El sufrimiento producido por la hambruna era bien conocido por Gwenda. A pesar de la leche que daba la vaca, cuatro de los hijitos de su madre habían muerto. No era extraño que Philemon ansiara ser monje, pensó: casi cualquier sacrificio merecía la pena con tal de poder disfrutar de copiosas comidas cada día sin falta.
—¿Qué va a hacer tu padre? —preguntó Caris.
—Algo poco limpio. Es difícil robar una vaca, no es posible ocultarla en el zurrón, pero seguro que idea algún plan ingenioso. —Gwenda lo expresaba con mayor seguridad de la que sentía. Su padre era deshonesto, pero nada inteligente. Haría todo cuanto estuviera en su mano, lícito o ilícito, por conseguir otra vaca; sin embargo, podía fracasar.
Atravesaron las puertas del priorato y se adentraron en la extensa feria. Los comerciantes aparecían empapados y abatidos tras seis días de mal tiempo. Habían expuesto sus mercancías a la lluvia y habían obtenido muy poco a cambio.
Gwenda se sentía violenta. Caris y ella no hablaban casi nunca de la dispar situación económica de las dos familias. Cada vez que Gwenda acudía a visitarla, Caris le entregaba discretamente algún regalo para que se lo llevara a casa: un queso, un pescado ahumado, un rollo de tela, una jarra de miel… Gwenda le daba las gracias, y de hecho, en el fondo le estaba profundamente agradecida, pero no decían nada más al respecto. Cuando su padre le aconsejaba que se aprovechara de la confianza de Caris para robar en su casa, Gwenda argüía que tal cosa le impediría volver a visitarla, y en cambio de ese otro modo llevaba algo a su hogar dos o tres veces al año. Incluso su padre se daba cuenta de que era lo más sensato.

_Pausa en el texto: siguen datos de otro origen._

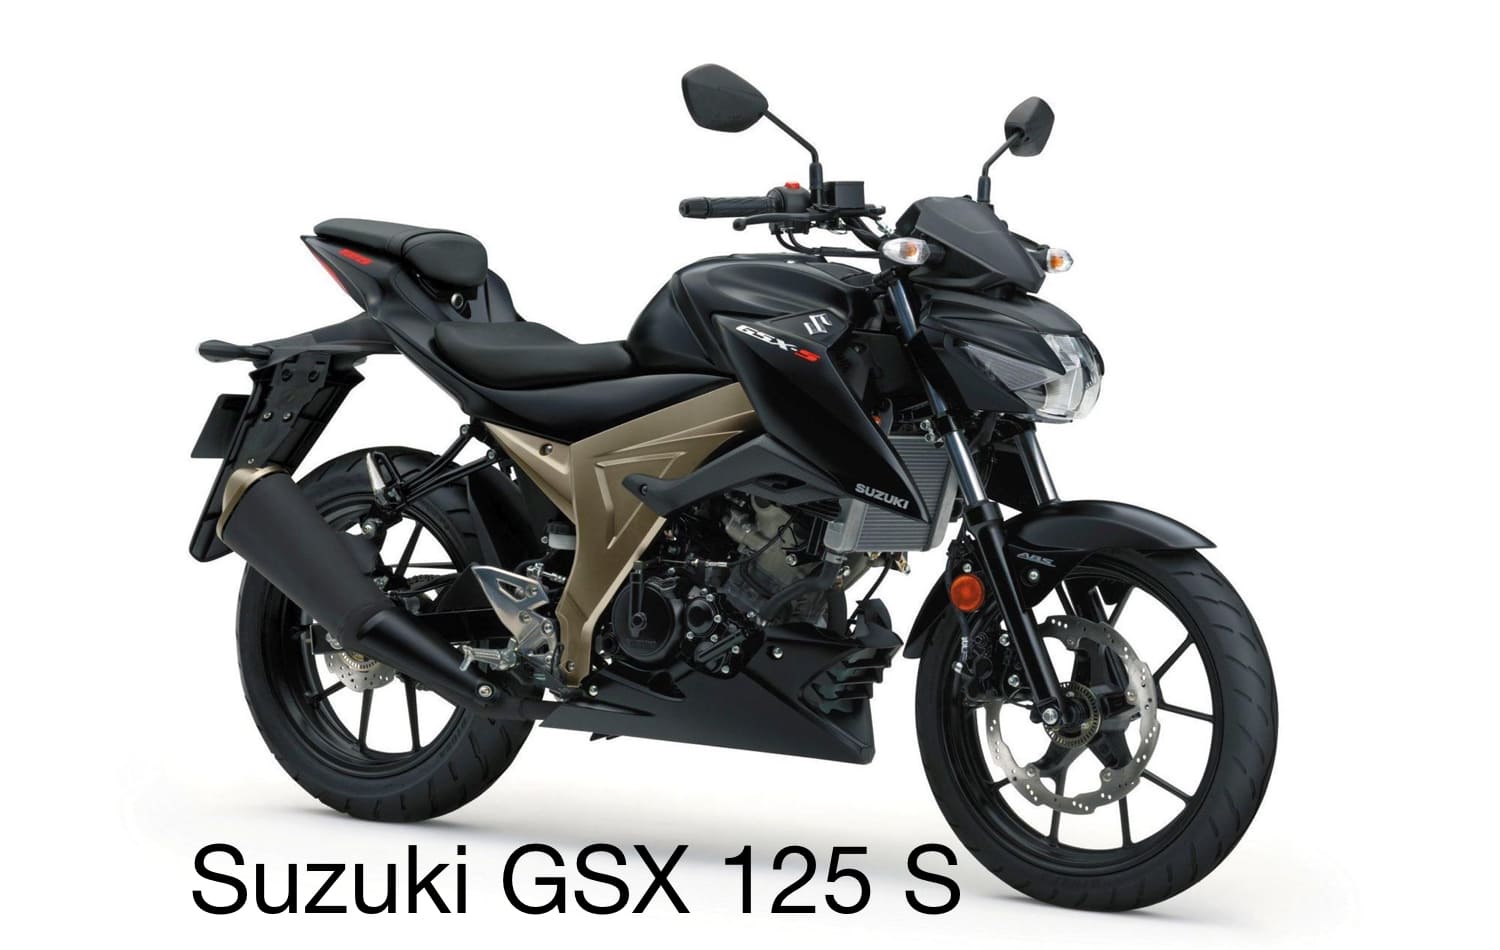 Suzuki GSX 125

Gwenda buscó con la mirada el puesto en el que Perkin debía de estar vendiendo sus gallinas. Era probable que Annet también se encontrara allí, y dondequiera que estuviese Annet, Wulfric no andaría lejos. Gwenda estaba en lo cierto: allí estaba el gordo y taimado de Perkin, tratando con zalamera amabilidad a los clientes y comportándose de forma brusca con todos los demás. Annet sostenía una bandeja con huevos y sonreía con coquetería mientras la bandeja le tiraba del vestido, marcándole los senos, y el pelo rubio sobresalía del gorro, cayendo en mechones que le acariciaban las mejillas sonrosadas y el cuello largo. Y allí estaba también Wulfric, con el aspecto de un arcángel que hubiera perdido el norte y deambulara entre los humanos por error.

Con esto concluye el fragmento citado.